> _Material for the task_:
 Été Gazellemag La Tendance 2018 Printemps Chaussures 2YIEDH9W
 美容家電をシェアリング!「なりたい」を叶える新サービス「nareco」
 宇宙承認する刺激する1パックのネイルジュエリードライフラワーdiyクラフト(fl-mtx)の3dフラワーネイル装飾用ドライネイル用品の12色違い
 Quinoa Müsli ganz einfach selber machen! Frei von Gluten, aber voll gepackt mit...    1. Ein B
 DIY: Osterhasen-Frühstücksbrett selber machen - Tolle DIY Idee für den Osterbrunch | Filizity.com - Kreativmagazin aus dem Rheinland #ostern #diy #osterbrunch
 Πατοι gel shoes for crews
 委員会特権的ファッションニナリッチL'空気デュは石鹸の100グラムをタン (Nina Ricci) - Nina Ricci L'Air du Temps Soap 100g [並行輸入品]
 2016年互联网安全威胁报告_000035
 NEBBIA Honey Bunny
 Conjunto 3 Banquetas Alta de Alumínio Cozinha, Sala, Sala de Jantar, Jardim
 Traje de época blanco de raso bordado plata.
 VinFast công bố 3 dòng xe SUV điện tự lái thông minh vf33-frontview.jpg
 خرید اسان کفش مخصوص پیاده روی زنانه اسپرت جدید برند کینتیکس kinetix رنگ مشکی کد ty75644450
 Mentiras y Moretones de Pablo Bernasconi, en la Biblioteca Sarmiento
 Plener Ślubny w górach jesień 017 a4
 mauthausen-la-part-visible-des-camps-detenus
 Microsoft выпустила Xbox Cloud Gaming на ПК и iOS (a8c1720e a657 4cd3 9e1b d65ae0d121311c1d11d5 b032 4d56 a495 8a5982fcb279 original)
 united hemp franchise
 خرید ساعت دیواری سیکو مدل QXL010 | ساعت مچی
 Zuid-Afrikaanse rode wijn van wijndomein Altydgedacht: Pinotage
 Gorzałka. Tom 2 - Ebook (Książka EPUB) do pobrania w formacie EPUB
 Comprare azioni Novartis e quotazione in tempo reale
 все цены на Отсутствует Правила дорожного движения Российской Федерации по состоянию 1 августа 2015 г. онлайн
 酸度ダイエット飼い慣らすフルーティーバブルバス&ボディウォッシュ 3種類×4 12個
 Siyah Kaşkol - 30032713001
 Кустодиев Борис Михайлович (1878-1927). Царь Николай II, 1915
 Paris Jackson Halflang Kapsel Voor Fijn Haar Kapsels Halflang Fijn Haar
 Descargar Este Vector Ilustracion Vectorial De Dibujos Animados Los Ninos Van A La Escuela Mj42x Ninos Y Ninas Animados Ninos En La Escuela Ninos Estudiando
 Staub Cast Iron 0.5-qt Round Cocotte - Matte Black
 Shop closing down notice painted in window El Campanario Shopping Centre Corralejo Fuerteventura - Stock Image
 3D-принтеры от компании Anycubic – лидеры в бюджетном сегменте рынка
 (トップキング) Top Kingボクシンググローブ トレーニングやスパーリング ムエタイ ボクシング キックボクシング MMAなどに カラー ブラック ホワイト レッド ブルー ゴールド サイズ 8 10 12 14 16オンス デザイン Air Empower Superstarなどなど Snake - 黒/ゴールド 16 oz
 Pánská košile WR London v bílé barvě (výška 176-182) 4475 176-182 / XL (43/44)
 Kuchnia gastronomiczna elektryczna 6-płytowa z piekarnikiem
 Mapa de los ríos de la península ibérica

> _Work order_: Show the lines of the data that hold the word "machen".

> _Task solution_:
 Quinoa Müsli ganz einfach selber machen! Frei von Gluten, aber voll gepackt mit...    1. Ein B
 DIY: Osterhasen-Frühstücksbrett selber machen - Tolle DIY Idee für den Osterbrunch | Filizity.com - Kreativmagazin aus dem Rheinland #ostern #diy #osterbrunch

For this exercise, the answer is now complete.